[Information provided Boundary: Start]
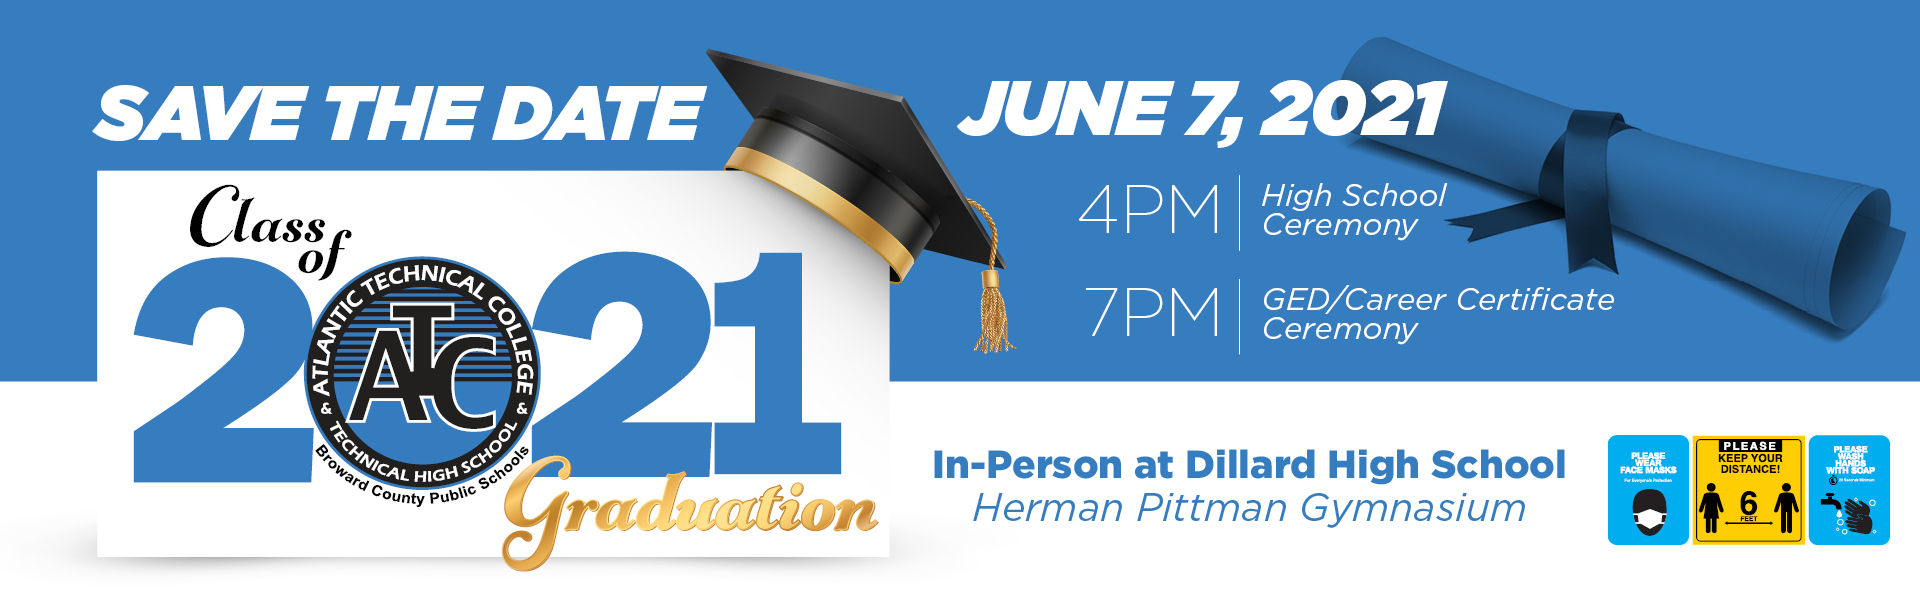 Graduation June 7 in person at Dillard High
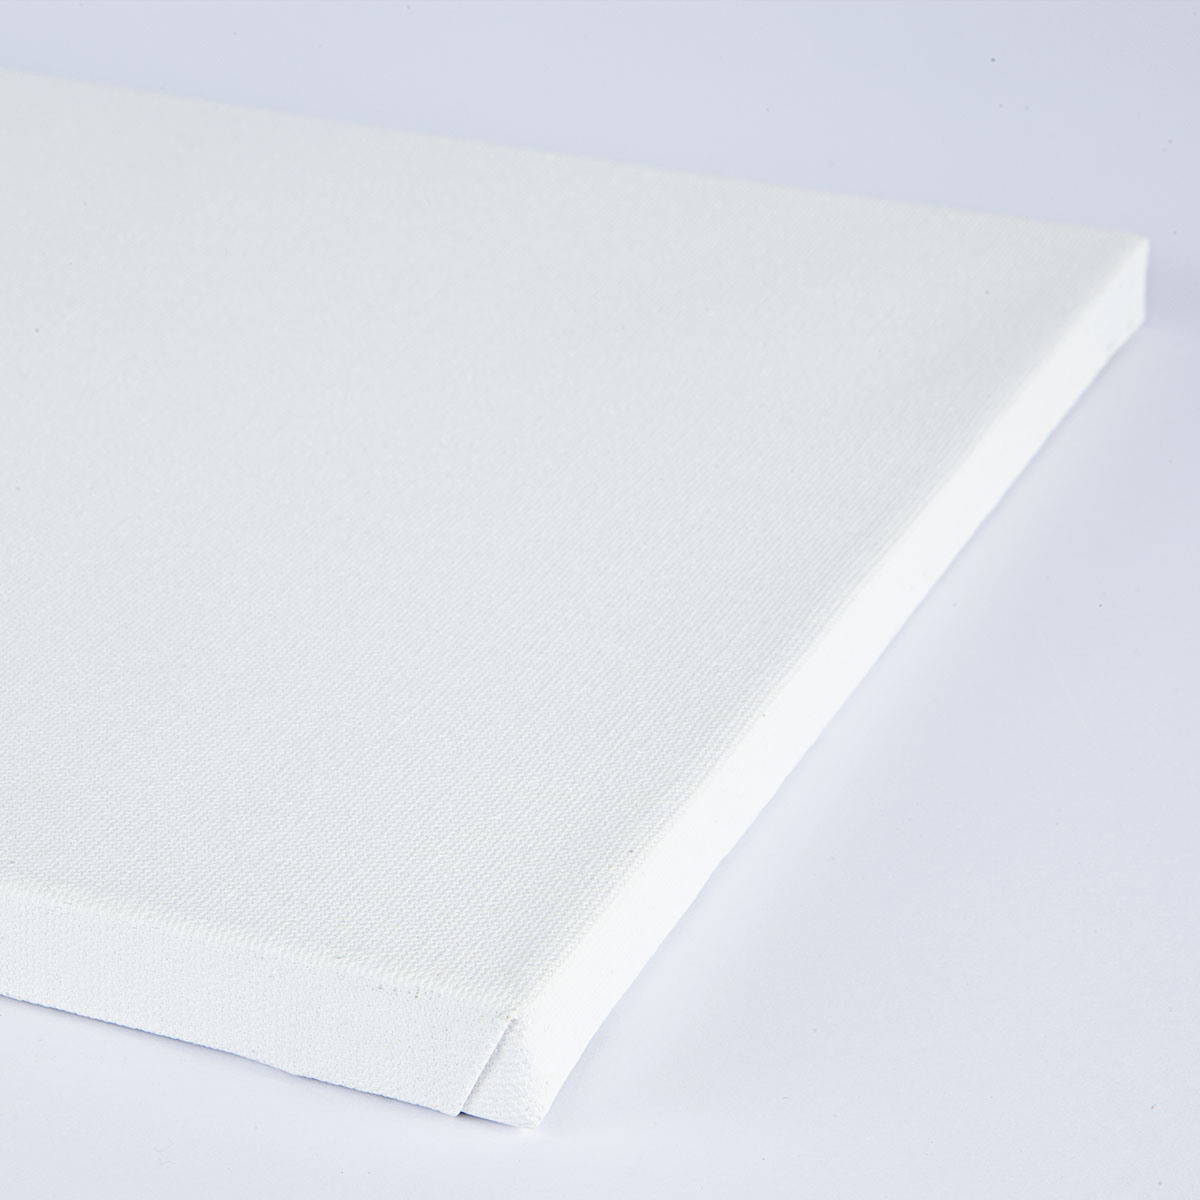 Basic Stretched Canvas 260 g Cotton F15 65 x 54 cm
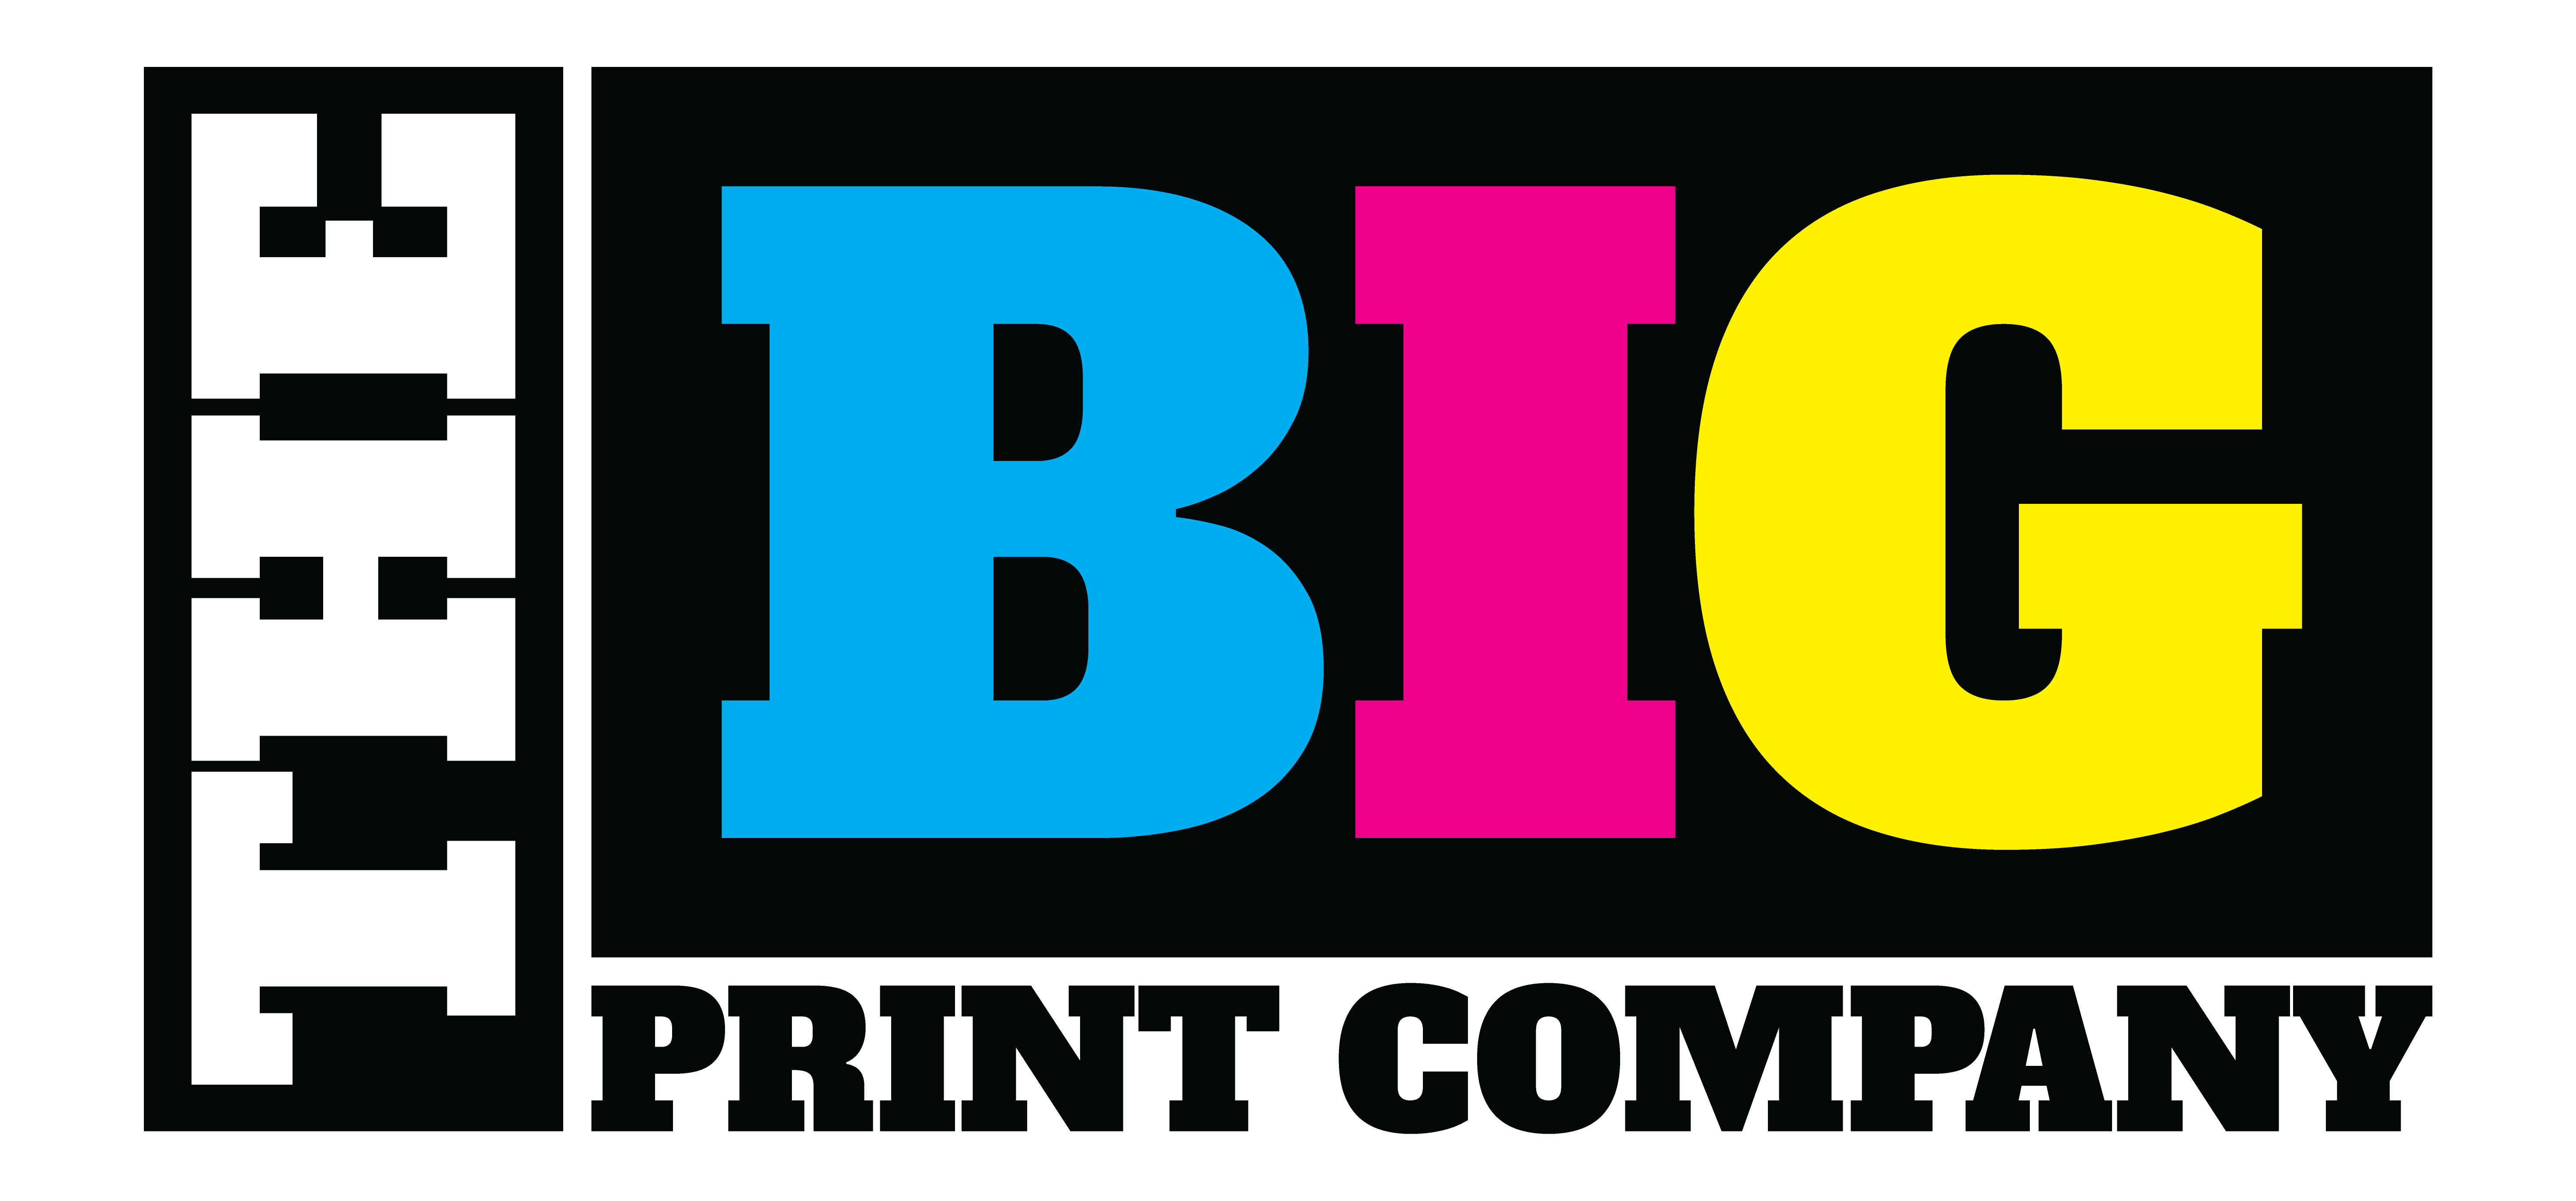 The Big Printing Company logo
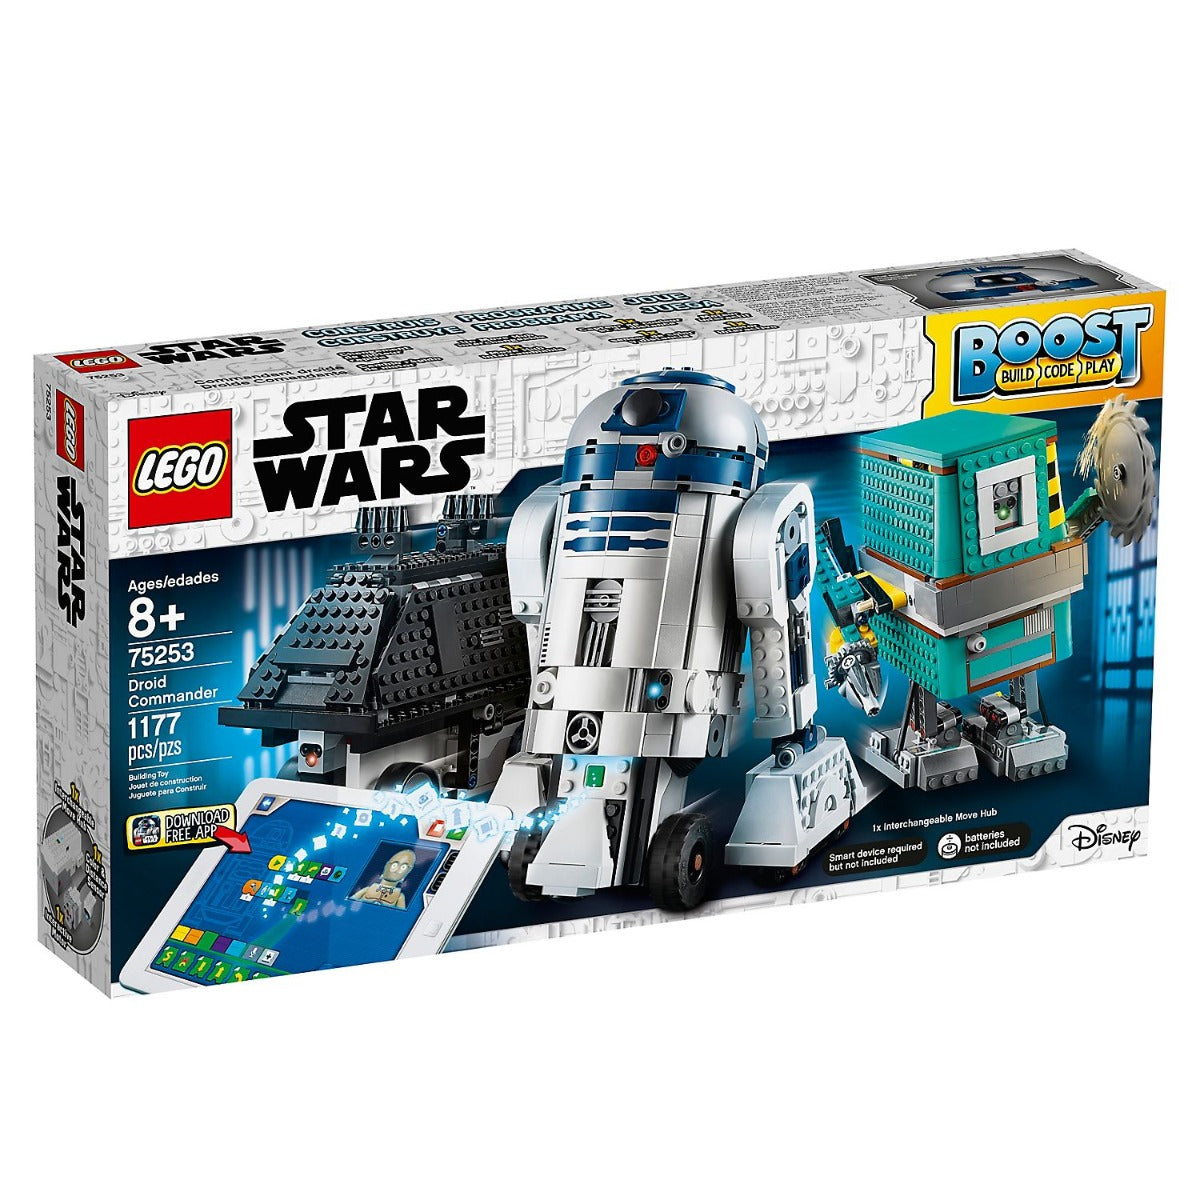 Lego Star Wars Droid Commander 75253
[Information provided Boundary: End]
=== What is needed ===
Every line of the listing is to be repeated exactly, and the pictures are to be dropped.

=== Solution for this exercise ===
 Graduation June 7 in person at Dillard High
 Basic Stretched Canvas 260 g Cotton F15 65 x 54 cm
 The Big Printing Company logo
 Lego Star Wars Droid Commander 75253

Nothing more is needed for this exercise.